Stephen los observó con curiosidad y advirtió que aquella extraordinaria animación también se había apoderado de James Dillon; en realidad, toda la tripulación tenía una extraña exaltación. Muy cerca de él, los infantes de marina comprobaban el disparador de sus mosquetes, y uno de ellos sacaba brillo a la hebilla de su cinturón proyectando sobre ella el aliento y frotándola, riendo entre una vaharada y otra.
«Sí, señor», dijo James Dillon. «No podíamos haber tenido una suerte mejor».

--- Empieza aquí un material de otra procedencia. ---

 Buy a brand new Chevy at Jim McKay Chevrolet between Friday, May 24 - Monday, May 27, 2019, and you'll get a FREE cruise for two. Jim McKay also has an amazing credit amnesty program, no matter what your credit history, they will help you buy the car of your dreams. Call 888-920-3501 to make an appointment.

«Haga señales al convoy de que vire dos grados a babor y reduzca trapo. Señor Richards, ¿ha anotado la hora? Tiene que anotar la hora exacta en que ocurren todas las cosas. Pero, Dillon, ¿en que estará pensando ese tipo? ¿Suponía que estábamos ocupados… que éramos ciegos? Aunque éste no es el momento de… Los vamos a abordar, desde luego, si los noruegos pueden resistir lo bastante, pues no me gusta disparar contra una galera bajo ninguna circunstancia. Creo que debe ocuparse de que todas las pistolas y alfanjes estén distribuidos. Bien, señor Marshall», dijo mirando al segundo oficial, que estaba en su puesto de combate junto al timón y ahora era responsable del gobierno de la Sophie. «Quiero que nos sitúe abordados con ese maldito moro. Puede largar las velas rastreras, si la corbeta las aguanta». En ese momento el condestable terminaba de subir penosamente la escala. «Bien, señor Day», dijo Jack, «me alegro de verlo en cubierta. ¿Se encuentra un poco mejor?»

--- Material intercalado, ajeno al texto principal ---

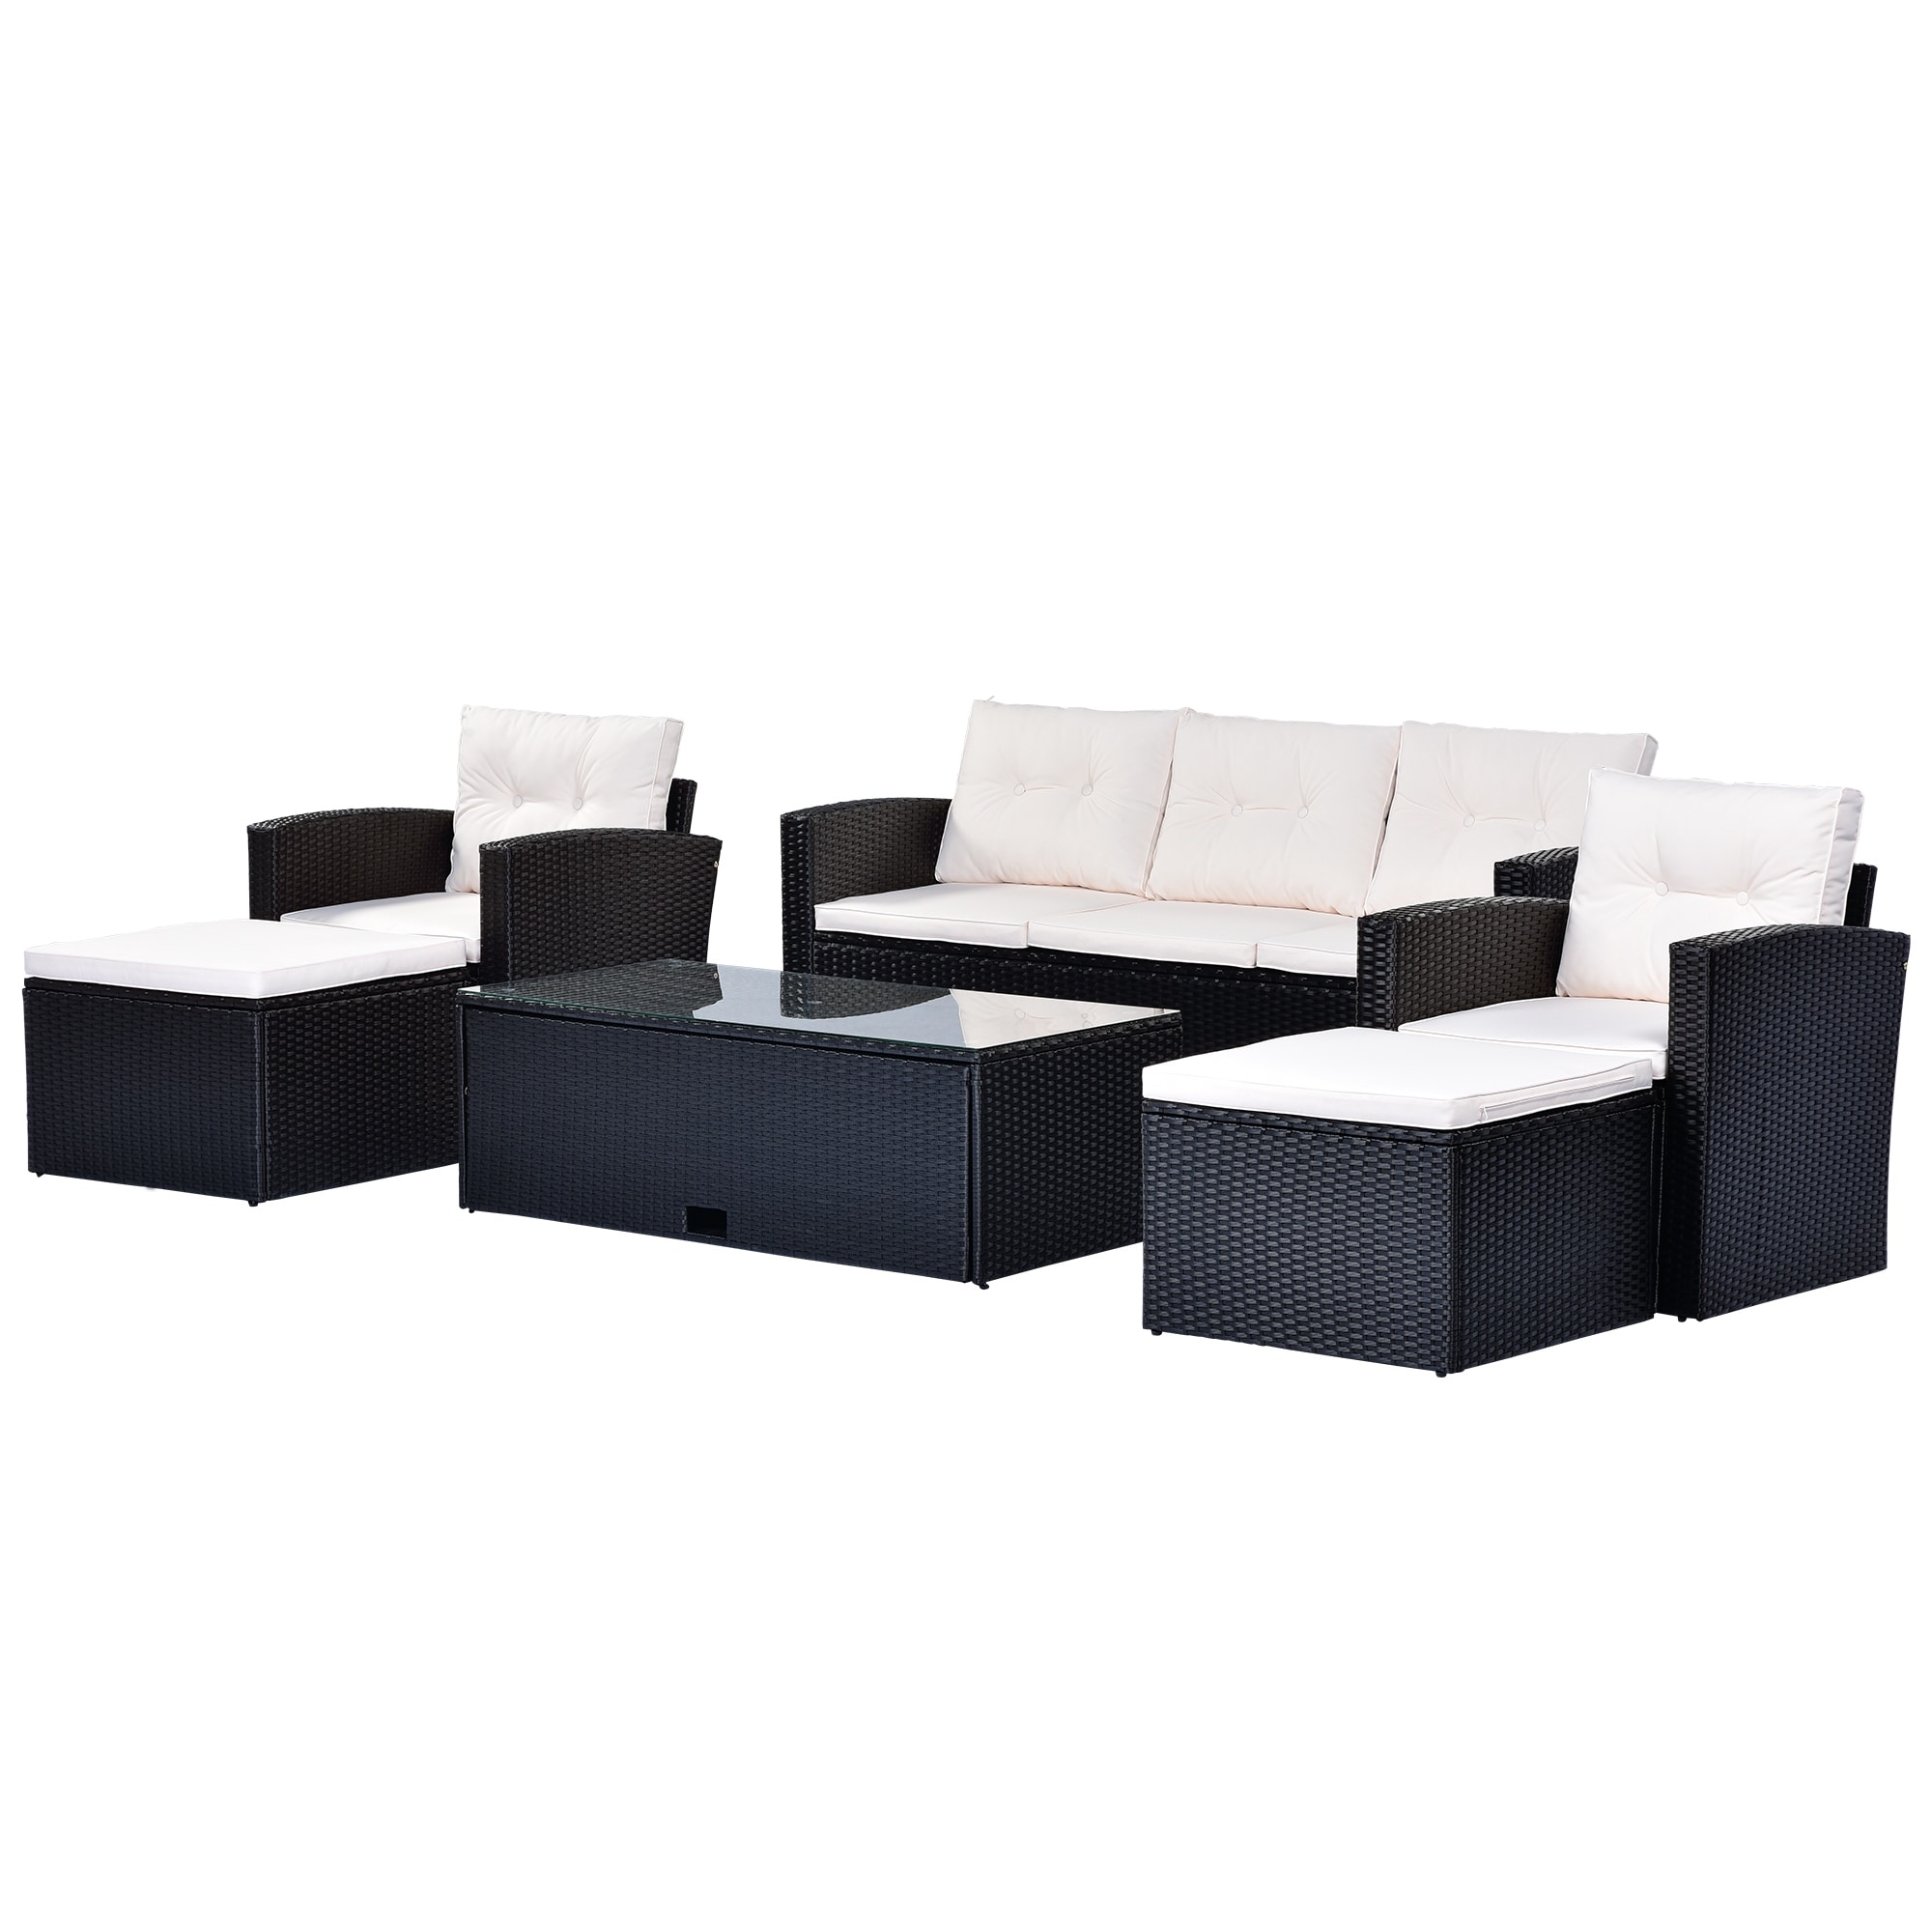 Go 6-piece All-weather Wicker Pe Rattan Patio Outdoor Dining Conversation Sectional Set

«Mucho mejor, señor, se lo agradezco», dijo el señor Day, «gracias al caballero», indicando a Stephen con la cabeza. «Ha dado buen resultado», dijo dirigiendo la voz hacia el coronamiento. «Pensé que debía comunicarle que voy a ocupar mi puesto, señor».
«Me alegro. Me alegro mucho. Ha tenido suerte, condestable, ¿no cree?», dijo Jack.

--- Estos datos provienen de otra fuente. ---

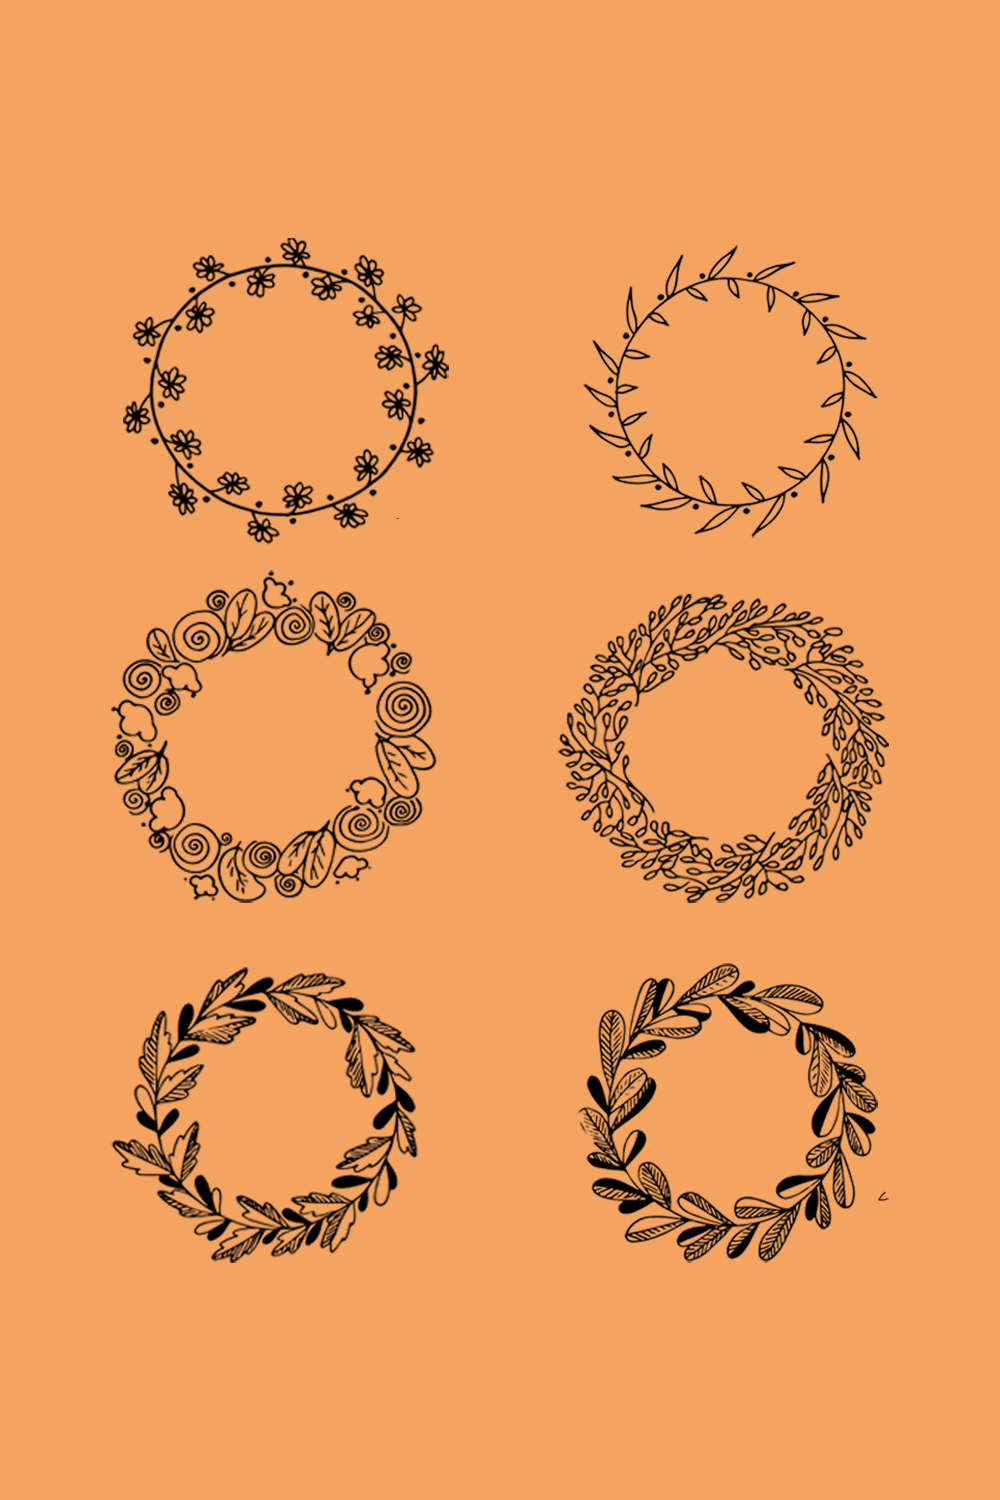 Set of Hand Drawn Floral Wreaths with Leaves Vector pinterest image.

«Desde luego que sí señor. Ha dado resultado, doctor. Ha dado resultado, señor, es como un maravilloso sueño. Así es», dijo el condestable mirando complacido la Dorthe Engelbrechtsdatter y el barco corsario, situados a una milla de distancia de la Sophie, y luego la propia corbeta, donde los cañones, aún calientes, estaban recién cargados, con las bocas fuera de las portas, preparados para disparar, y en cuyas cubiertas se había hecho zafarrancho de combate y la dotación se movía con sigilo.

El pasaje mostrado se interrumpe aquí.